▶ [SUPPLIED MATERIAL]
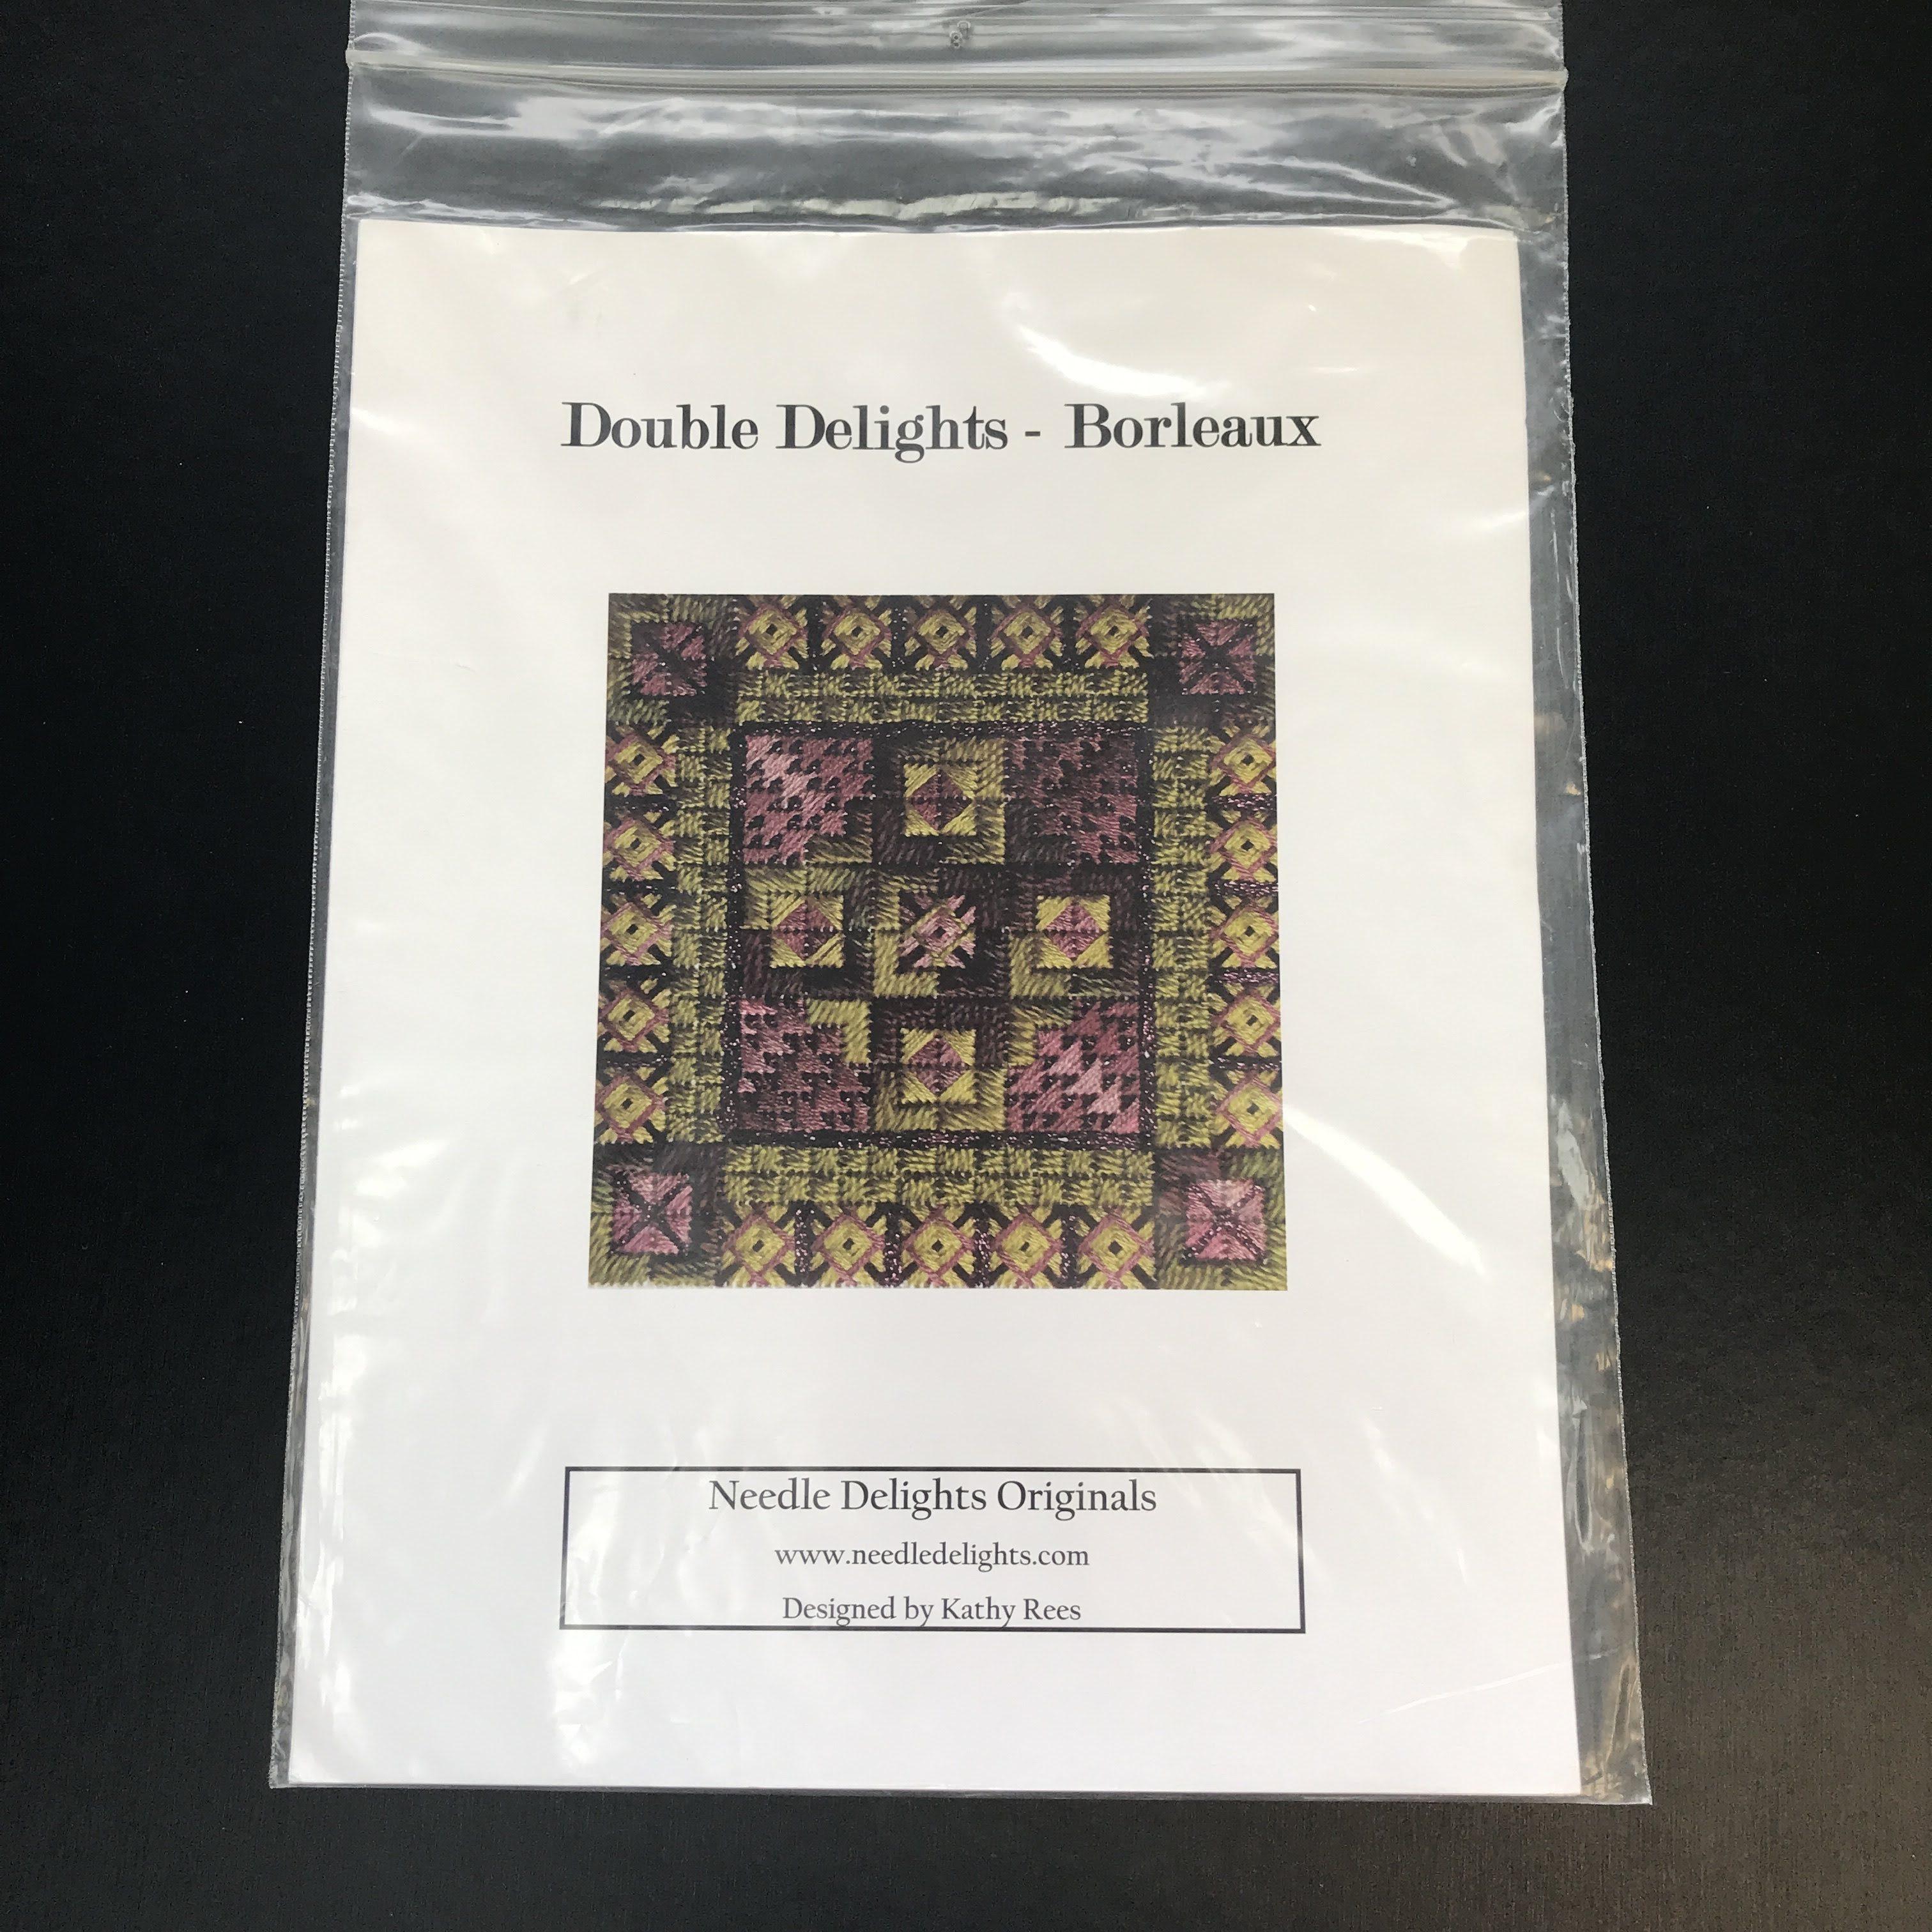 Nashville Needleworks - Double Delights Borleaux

==

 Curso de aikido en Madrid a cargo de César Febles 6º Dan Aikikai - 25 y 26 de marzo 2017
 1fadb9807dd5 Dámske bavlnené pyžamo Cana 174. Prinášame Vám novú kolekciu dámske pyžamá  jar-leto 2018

* * *

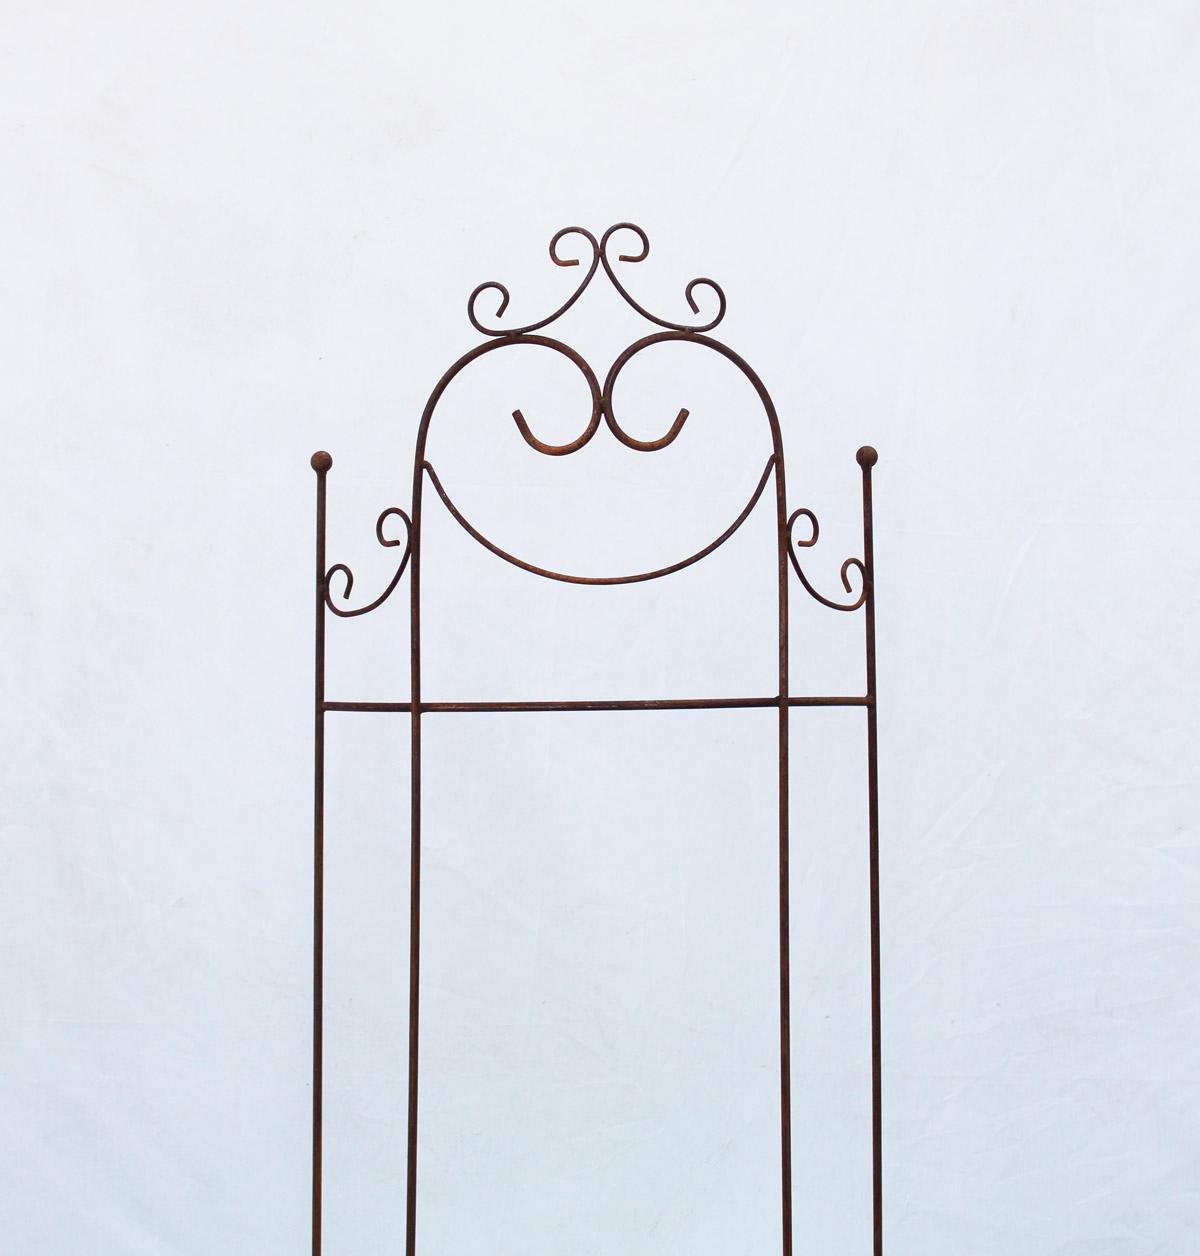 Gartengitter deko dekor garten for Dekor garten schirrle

▶ [ACTIVITY]
Extract exactly and only the lines above from the line containing "Curso de aikido" through the line containing "1fadb9807dd5 Dámske bavlnené", both end lines included.

▶ [TASK RESULT]
 Curso de aikido en Madrid a cargo de César Febles 6º Dan Aikikai - 25 y 26 de marzo 2017
 1fadb9807dd5 Dámske bavlnené pyžamo Cana 174. Prinášame Vám novú kolekciu dámske pyžamá  jar-leto 2018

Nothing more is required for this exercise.